▶ [EXERCISE AIM]: The required output is a verbatim transcription of the listing, pictures excluded.

▶ [INFORMATION SUPPLIED]:

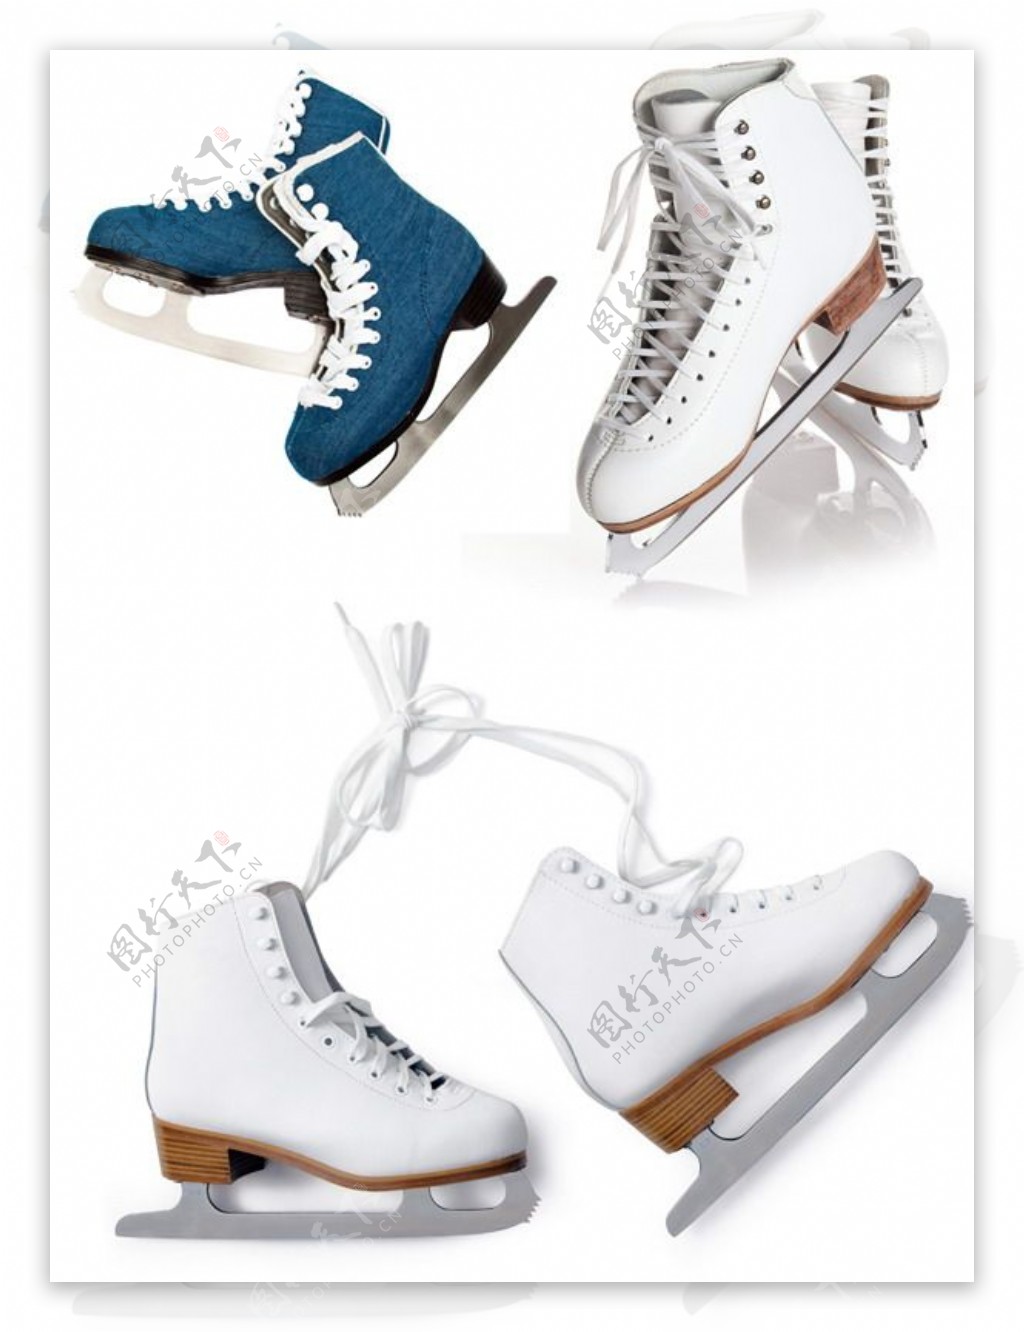 冰刀滑冰鞋图片
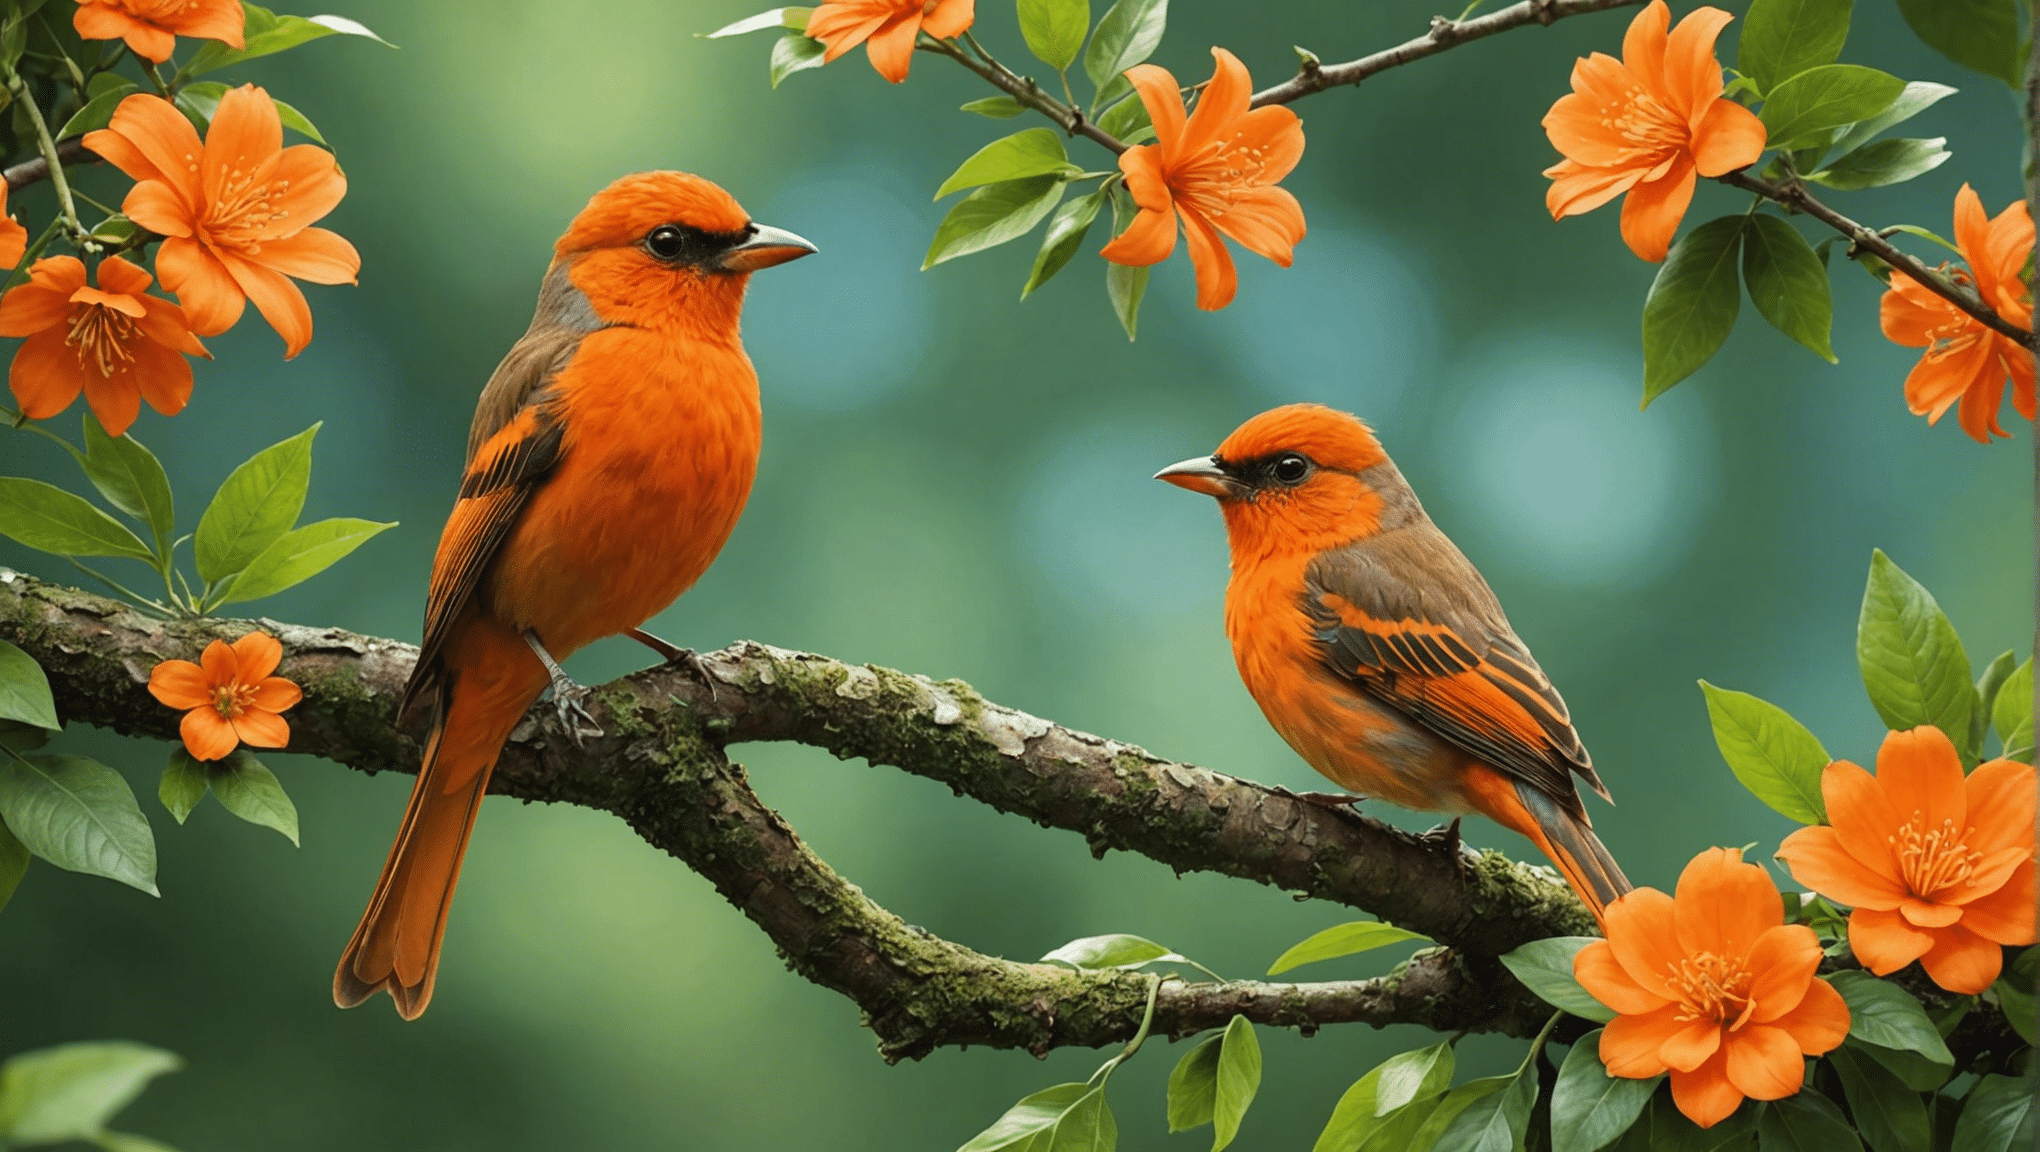 découvrez la vérité sur les oiseaux orange : sont-ils réels ou juste un mythe ? Obtenez les faits et découvrez la réalité derrière le mystère de l'oiseau orange.
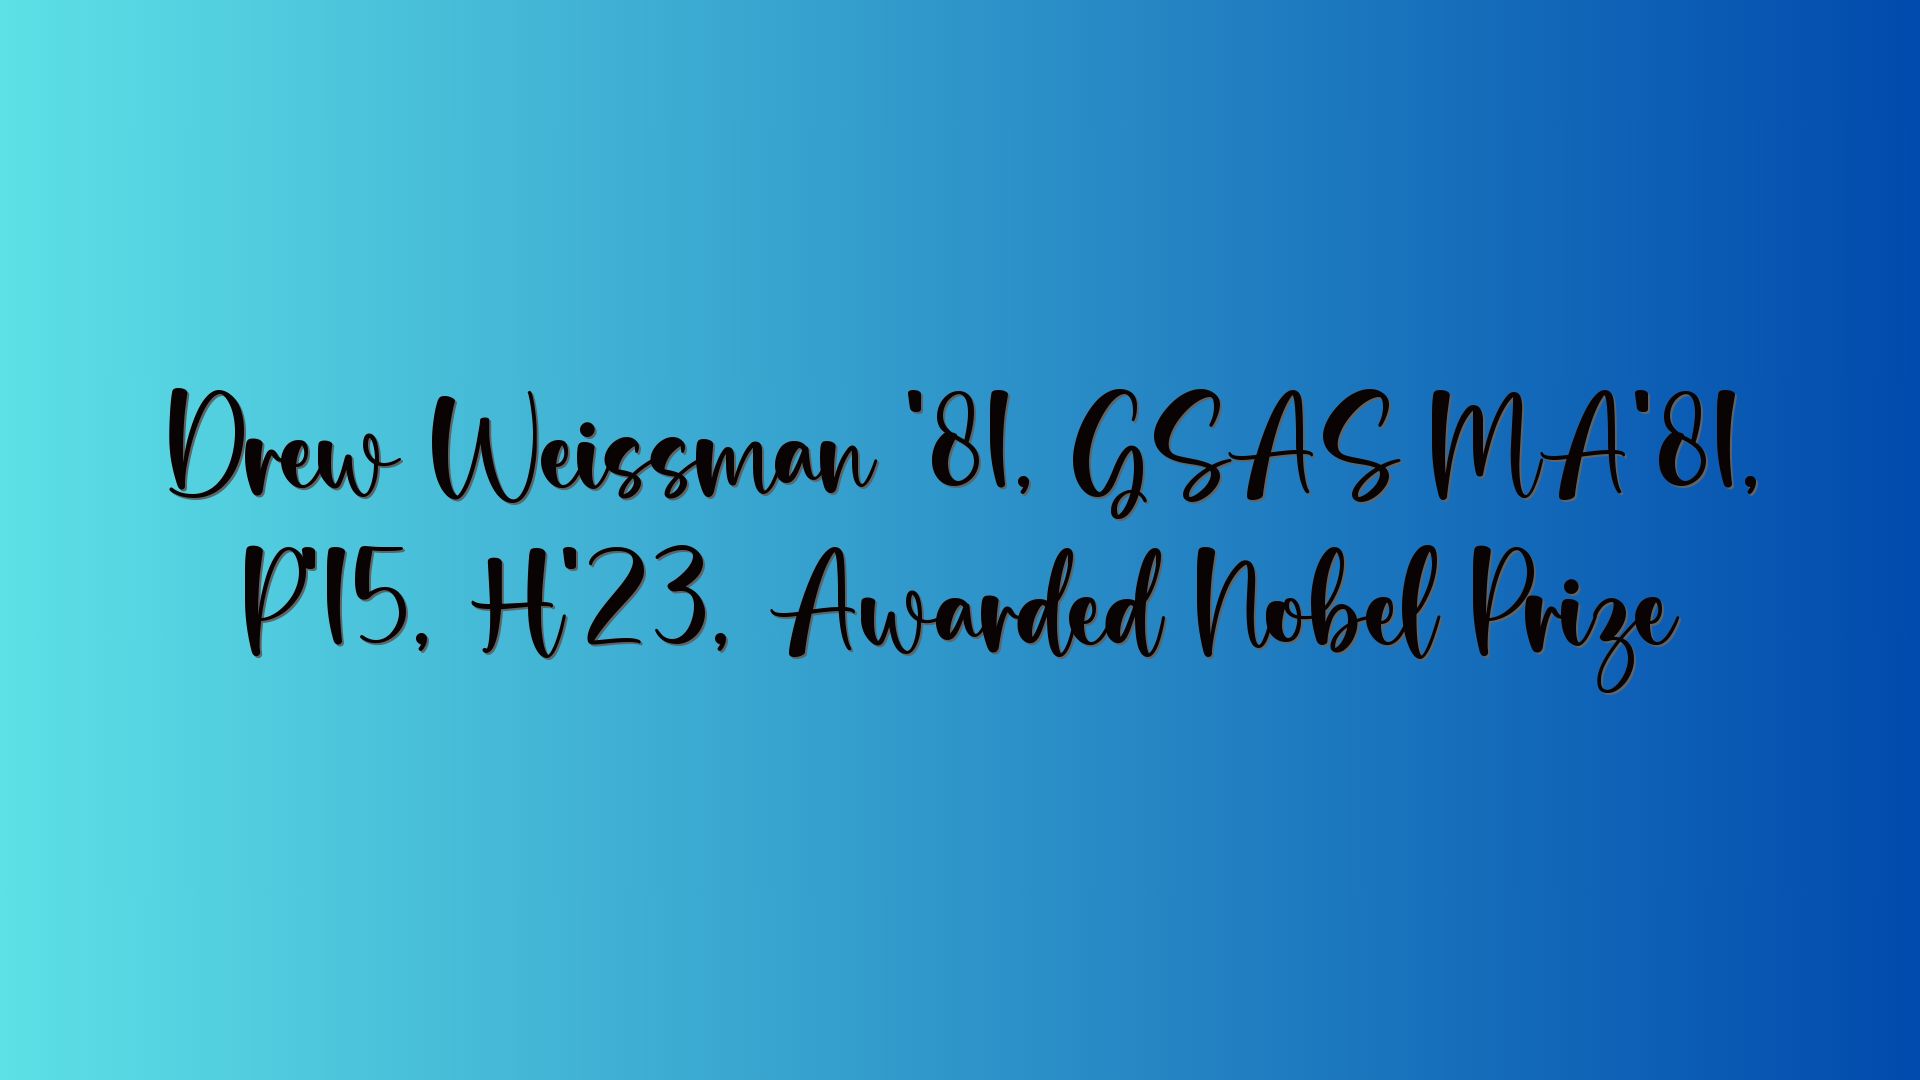 Drew Weissman ’81, GSAS MA’81, P’15, H’23, Awarded Nobel Prize

▶ [RESPONSE FOR THIS EXERCISE]:
 冰刀滑冰鞋图片
 découvrez la vérité sur les oiseaux orange : sont-ils réels ou juste un mythe ? Obtenez les faits et découvrez la réalité derrière le mystère de l'oiseau orange.
 Drew Weissman ’81, GSAS MA’81, P’15, H’23, Awarded Nobel Prize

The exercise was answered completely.